Data supplied.

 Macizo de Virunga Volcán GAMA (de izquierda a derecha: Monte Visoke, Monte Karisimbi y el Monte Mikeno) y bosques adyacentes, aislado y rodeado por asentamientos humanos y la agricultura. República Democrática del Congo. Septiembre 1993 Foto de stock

---

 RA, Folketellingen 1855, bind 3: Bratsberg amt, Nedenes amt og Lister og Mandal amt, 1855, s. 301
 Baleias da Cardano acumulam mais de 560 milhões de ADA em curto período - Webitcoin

What the task requires. Extract exactly and only the lines above from the line containing "RA, Folketellingen 1855, bind" through the line containing "Baleias da Cardano", both end lines included.

Solution to the exercise.
 RA, Folketellingen 1855, bind 3: Bratsberg amt, Nedenes amt og Lister og Mandal amt, 1855, s. 301
 Baleias da Cardano acumulam mais de 560 milhões de ADA em curto período - Webitcoin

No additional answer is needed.